My question is if it's possible for parser to instruct lexer to use only a 
subset of tokens. For example, let's say I have the following tokens 
defined in lexer:

ID1: (ALPHA)+;
ID2: (DIGIT)+;
ID3: (ALPHA | DIGIT)+;
TOKEN: "MY_TOKEN";

Now I know in parser that at a particular point of time I only expect ID2 
or TOKEN and ask it not to match ID1 and ID2. For example:

messageStart:
   (ID2 | TOKEN)
   { System.out.println("Detected message start"); }
   ;

When I compile code similar to the one above lexer matches all 4 (ID1, 
ID2, ID3, TOKEN) giving me unexpected results. So I don't think it works.

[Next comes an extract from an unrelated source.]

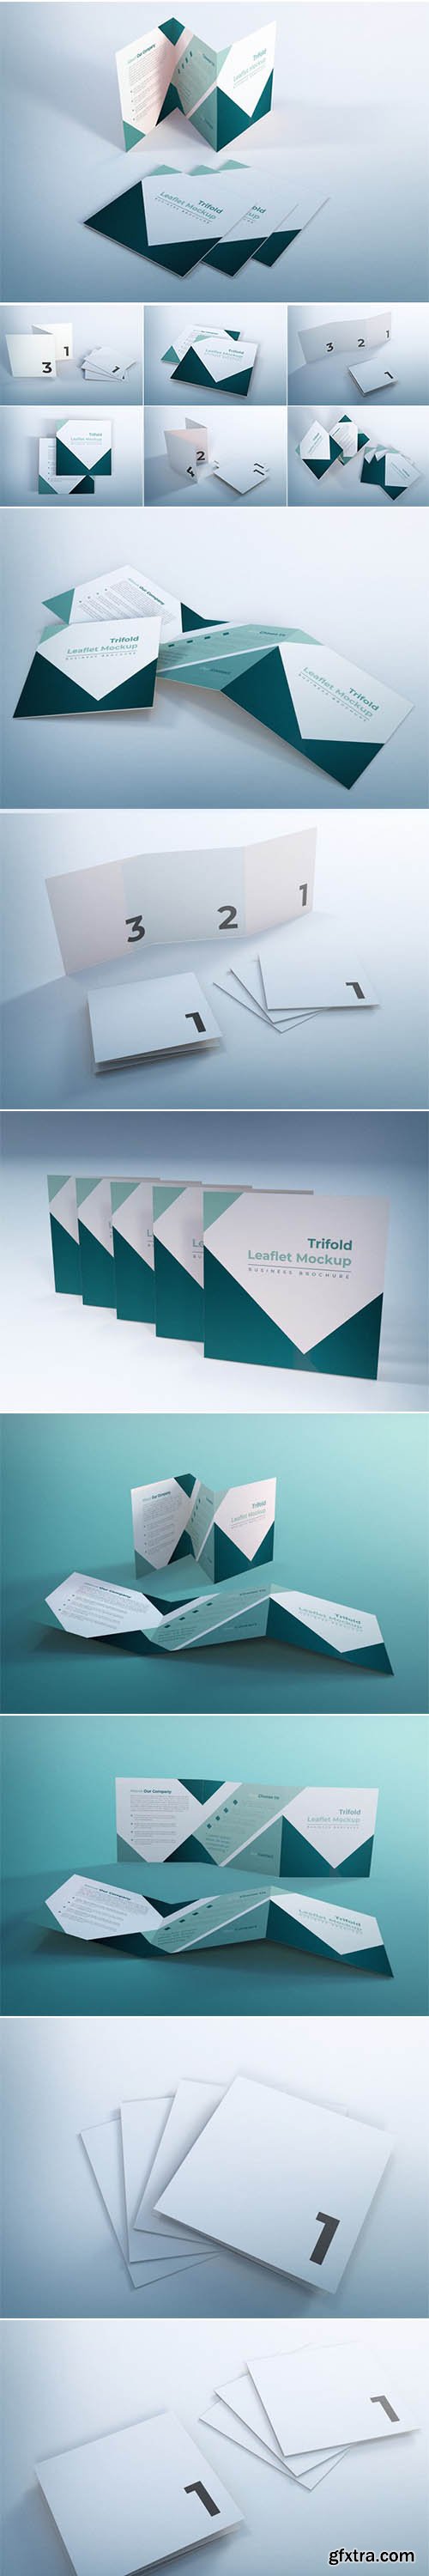 Trifold leaflet mockup business brochure design template

Essentially what I'm trying to do is create a list of all possible lexer 
tokens and then specify in parser which ones to expect at any particular 
time. Is it possible to do with some sort of custom lexer/parser? If not, 
what would be the best approach to implementing this? I suspect that 
states is the only way - but they look very messy and I'm afraid they will 
cause the grammar to depart even further from original ABNF syntax and 
make it difficult to read.

Thank you in advance for any help/pointers/examples on this topic.

Similar questions must have been posted a million times on this forum, I 
apologize if mine is not much different (although it appears so to me!).

Art.